Action item
From the records below, copy out exactly the lines from the one containing "Lilies in bloom in Ohio" to the one containing "ZAP In Space", both included. Add nothing else.

Extracted entries

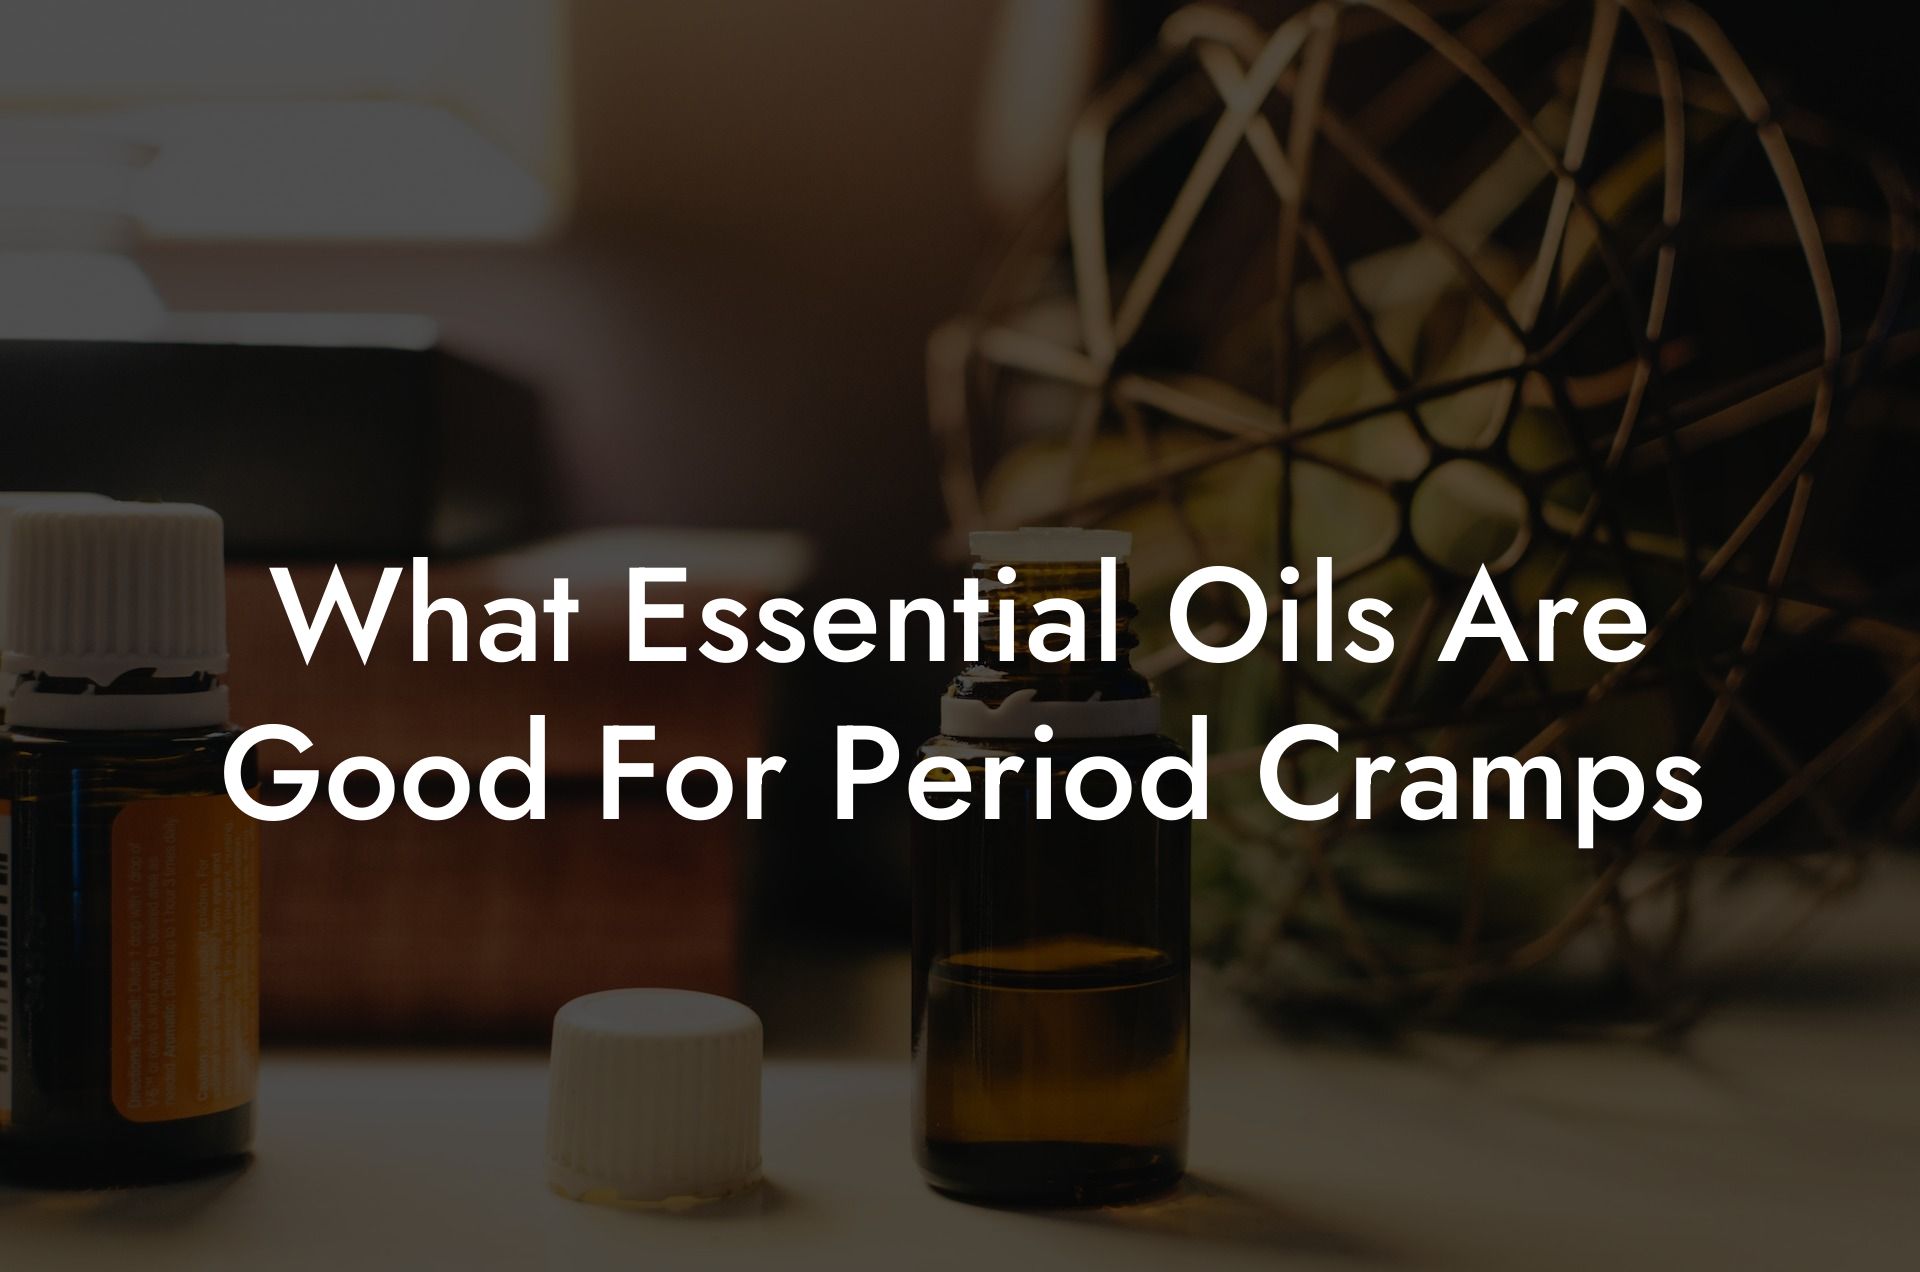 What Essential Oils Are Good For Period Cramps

---

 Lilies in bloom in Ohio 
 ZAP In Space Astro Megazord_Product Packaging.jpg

The answer
 Lilies in bloom in Ohio 
 ZAP In Space Astro Megazord_Product Packaging.jpg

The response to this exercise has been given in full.